It is all about the subtleties

So it has now been almost three months since I came here. The blistering cold has given way to the spring, although like a disgruntled ex-girlfriend, the winter keeps budging in. How else would one explain a perfect day of 18 degrees Celsius, no wind, being followed by one whose highest temperature is minus? At the rate we are going, its not totally inconceivable that summer will spring on us while still waiting for spring (no pun intended).

I have always known that I needed a break. To think, to re-allign, to evaluate and so forth. KDI came at the right time. What I had not envisaged though was the heart wrenching nostalgia that would be as a result of me missing my family. I find myself all of a sudden thinking of ways to make it up to them once I get back. You would think a lengthy phone call helps in such situations, but hearing their voices simply worsens it.

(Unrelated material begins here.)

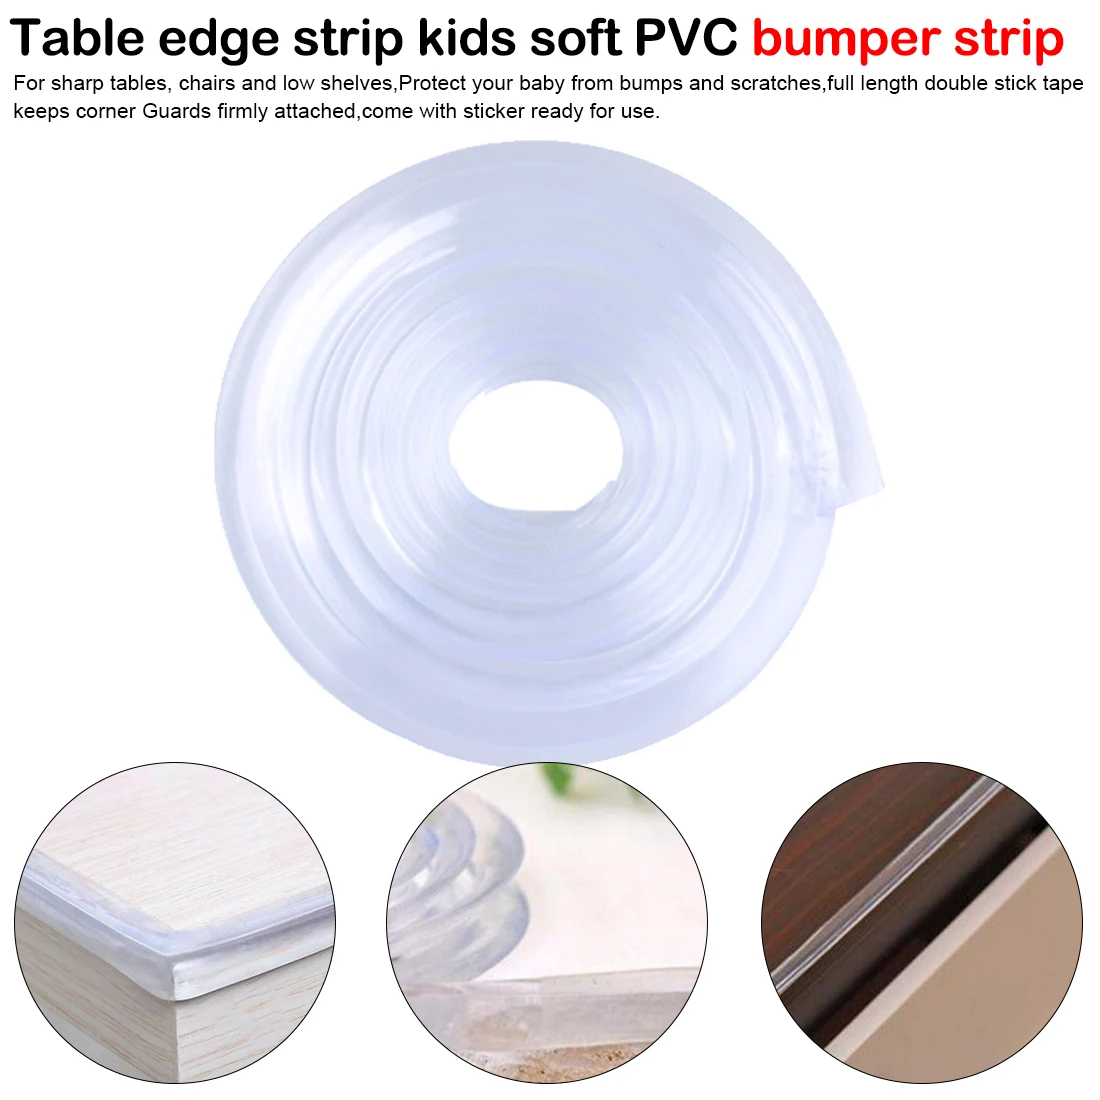 Прозрачная угловая защитная полоса для стола, защита от детей, мягкая силиконовая накладка для мебели, детские товары 1 м

                               "One step at a time son" Picture courtesy of Thuy Hang MDP, Vietnam

I believe, that in part is the reason I have taken so long to settle into my stride. Naturally I am an avid reader of everything. I love discovering new things, adding to my knowledge base and of course writing whatever ideas, be they silly or grand that come into my mind. That was the whole point of starting a blog. I have really struggled to get going in the past few months and I have to thank the fear of flunking a mid-term exam as the motivation for my spending some hours in the library.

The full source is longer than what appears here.